The decision to approve a controversial rare-disease treatment has haunted the Food and Drug Administration in recent weeks. But instead of shying away from the controversy, the FDA has been remarkably transparent about how the decision was made. On Thursday night, the agency laid bare the disagreements between its highest officials by releasing 300 pages of internal emails and on Friday, FDA Commissioner Robert Califf addressed the debate.
In September, the FDA approved a drug for Duchenne muscular dystrophy, an inheritable disease that is fatal in young boys. The agency was under pressure to approve the drug from Congress and the patient community, even though there was limited evidence suggesting that the drug worked. In the days after the decision, FDA reviewers went public with their concerns and a picture emerged of an agency in turmoil.

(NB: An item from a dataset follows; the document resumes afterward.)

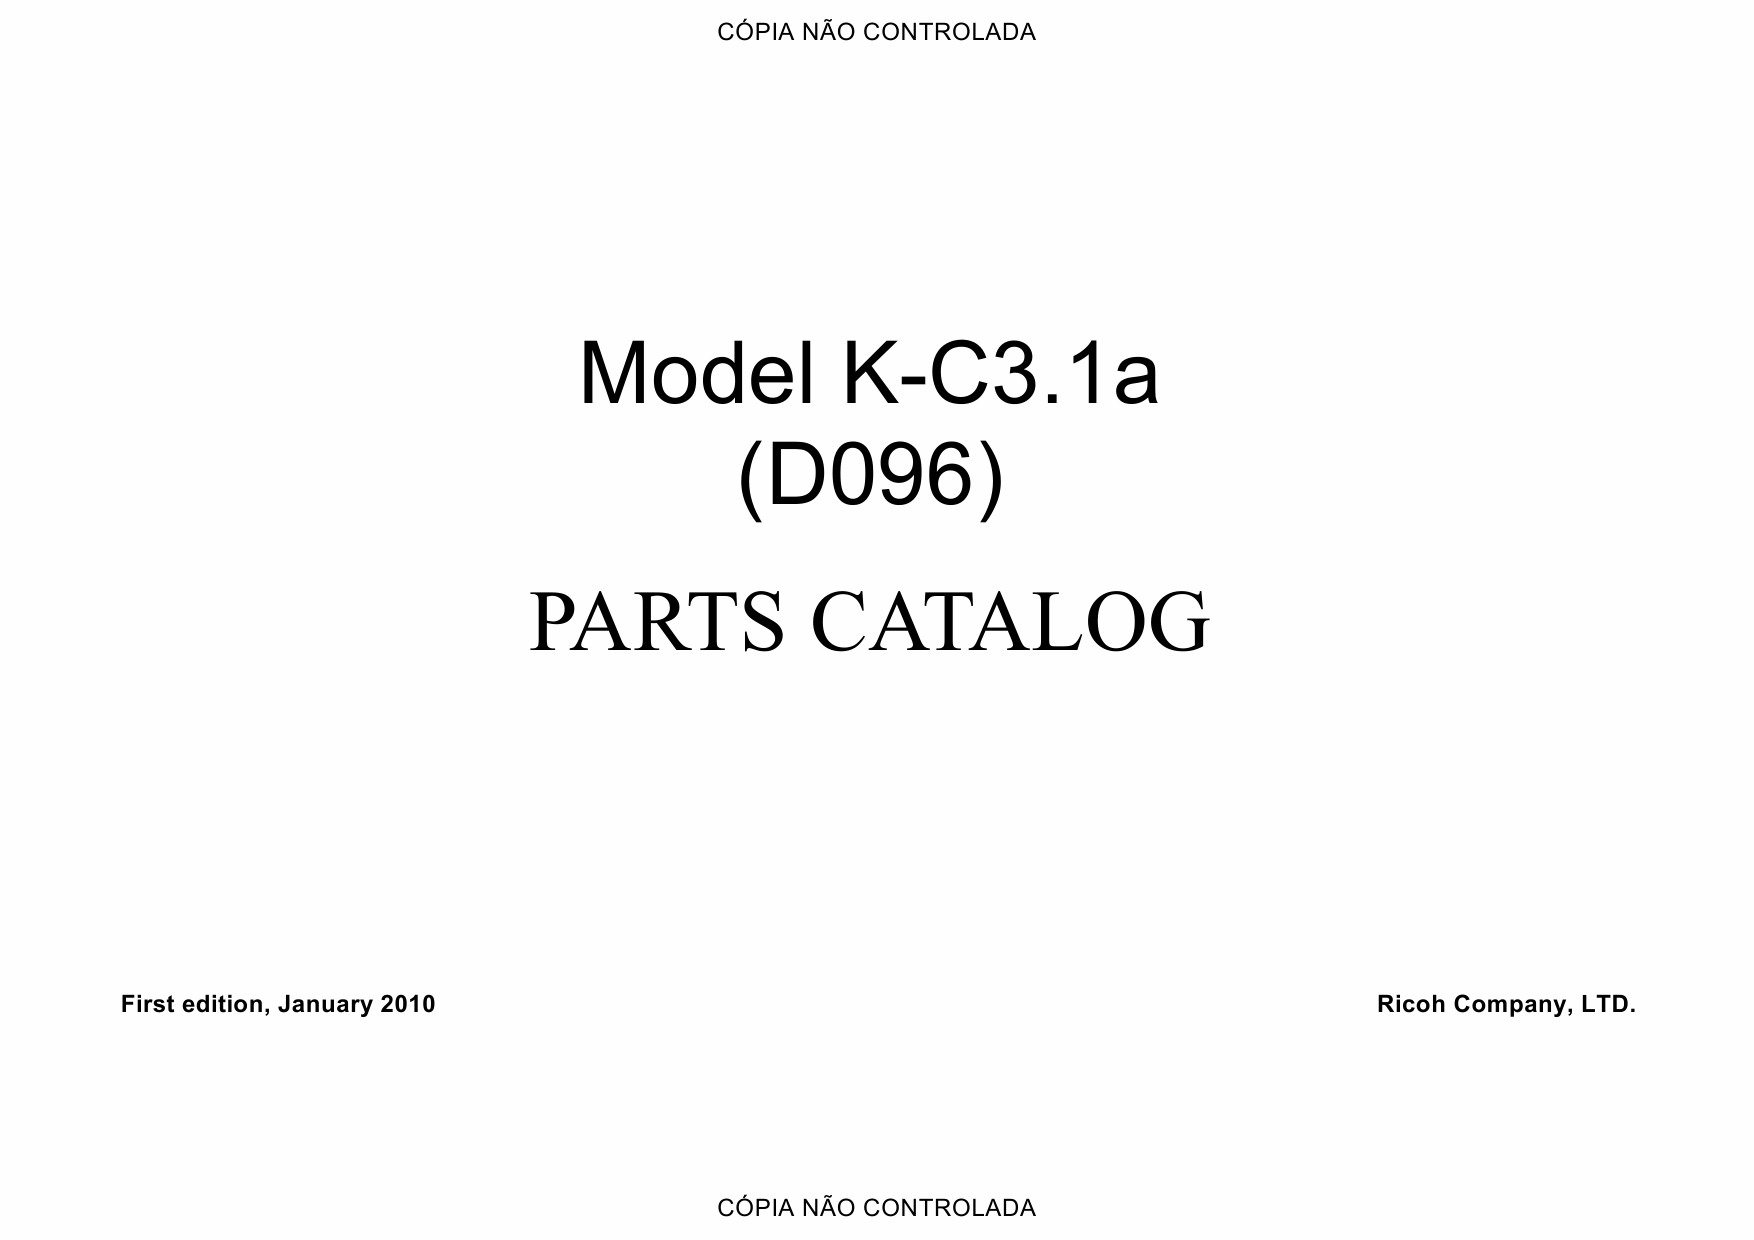 RICOH Aficio MP-1900 D096 Parts Catalog-1

Speaking at a conference on Friday, numerous FDA officials addressed the decision. The FDA’s release the night before of e-mails offered a glimpse into the debate between top officials in the days leading up to the approval announcement. The FDA’s candor about the controversy seems to be an effort to put it in the rearview mirror and reassure the public that the approval of drugs with uncertain benefits will not become commonplace.
“We’ve moved on,” John Jenkins, head of the FDA’s office of new drugs, told reporters Friday. “The good news is, most decisions we make within the agency are not this controversial. There is generally lots of agreement and lots of consensus around the decisions we’re making.”

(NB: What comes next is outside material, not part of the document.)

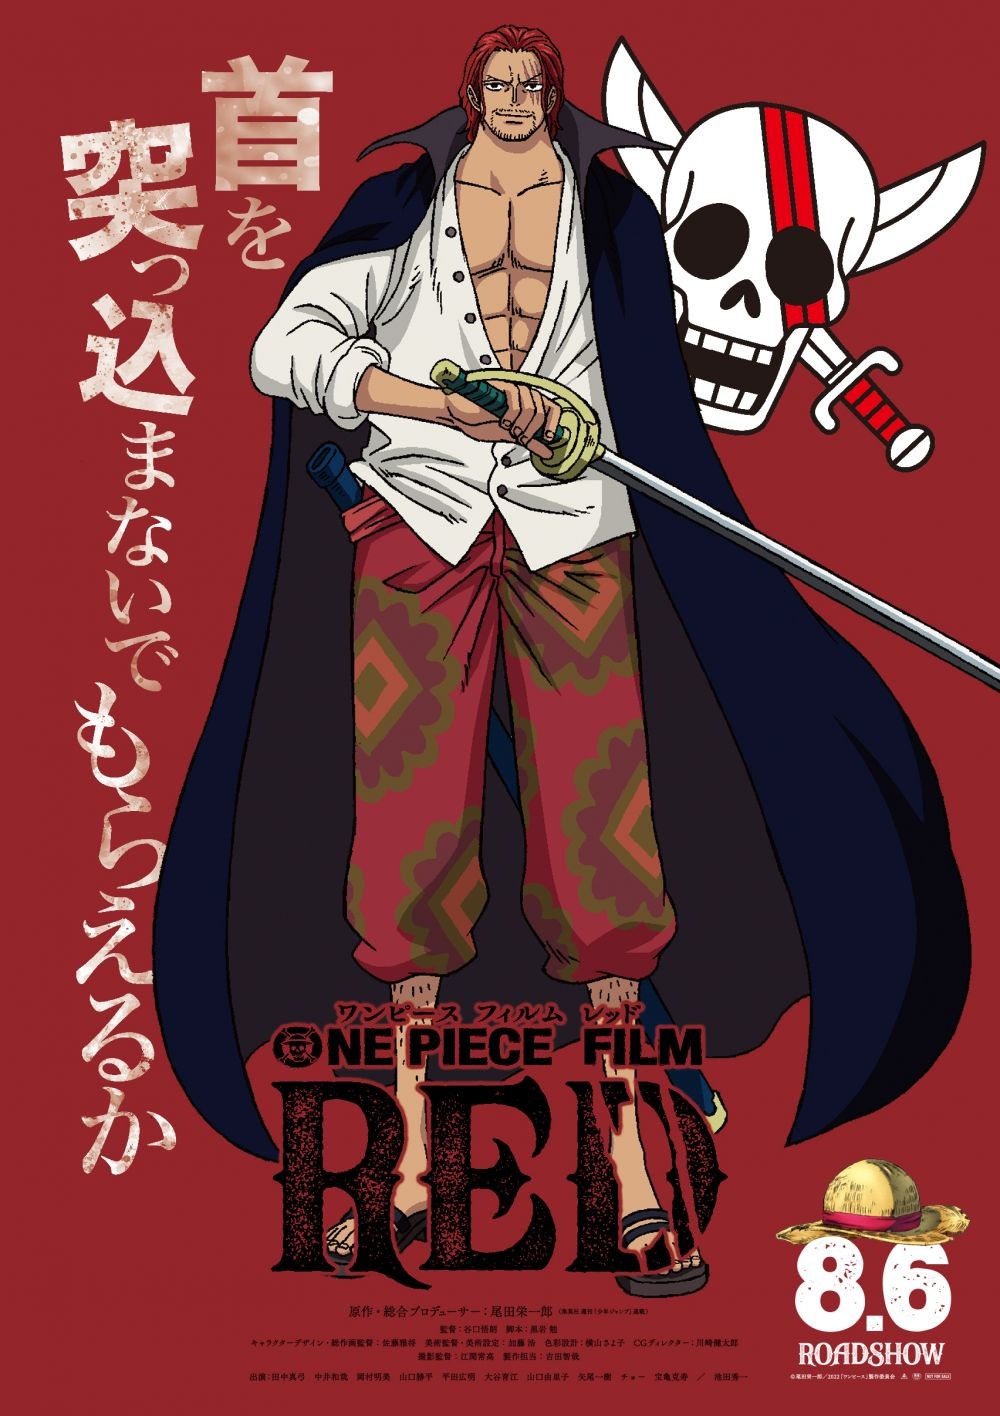 4 Petunjuk Kemampuan Berpedang Mihawk Melampaui Shanks di One Piece

Jenkins spoke at a daylong conference hosted by the Friends of Cancer Research and Prevision Policy, a firm that tracks health and regulatory issues.

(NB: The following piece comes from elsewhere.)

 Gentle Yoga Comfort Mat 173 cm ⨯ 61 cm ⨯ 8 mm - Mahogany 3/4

Califf, the FDA commissioner, similarly played down the controversy Friday. “I hope people realize that a great thing for a federal agency that has to make hard decisions is to encourage people that have differences of opinion to express them,” he said.
Jenkins and other FDA officials opposed the approval of the drug, eteplirsen, which is supposed to treat Duchenne muscular dystrophy. Much of the evidence in the drug’s application was based on a clinical trial of only 12 people – a sample size that is without precedent in FDA history. While the drug was found safe, the FDA’s reviewers were skeptical that the drug actually worked to delay the disease’s progression.
Janet Woodcock, director of the FDA’s Center for Drug Evaluation and Research, felt that the evidence did show that the drug was effective, and overruled the recommendation by the reviewers. Califf said that as a political appointee, he did not feel that it was appropriate for him to alter Woodcock’s decision.
In one of the documents released Thursday, Ellis Unger, the acting director of the FDA’s office of drug evaluation, expressed concern that Woodcock had made her decision before reviewing all relevant scientific evidence. Unger feared that the decision would set a precedent “where accelerated approval could be provided for a rare disease based solely only on the medical and scientific judgment/opinion of the Center Director, as was clearly the case here,” he wrote in an e-mail to Califf.
Jenkins sided with Unger on the eteplirsen decision and has publicly pushed back against the idea that other drugs will be approved in a similar fashion.
However, that concern could play out in other decisions for rare disease drugs with active patient lobbies. At the conference Friday, the question of evidence standards was posed to Richard Pazdur, an FDA official who is setting up a new center devoted specifically for the development of cancer treatments. For cancer drugs, the FDA already uses more flexible standards and approves applications based on small sample sizes, and Pazdur acknowledged that sometimes the agency has to be “creative” with the approvals.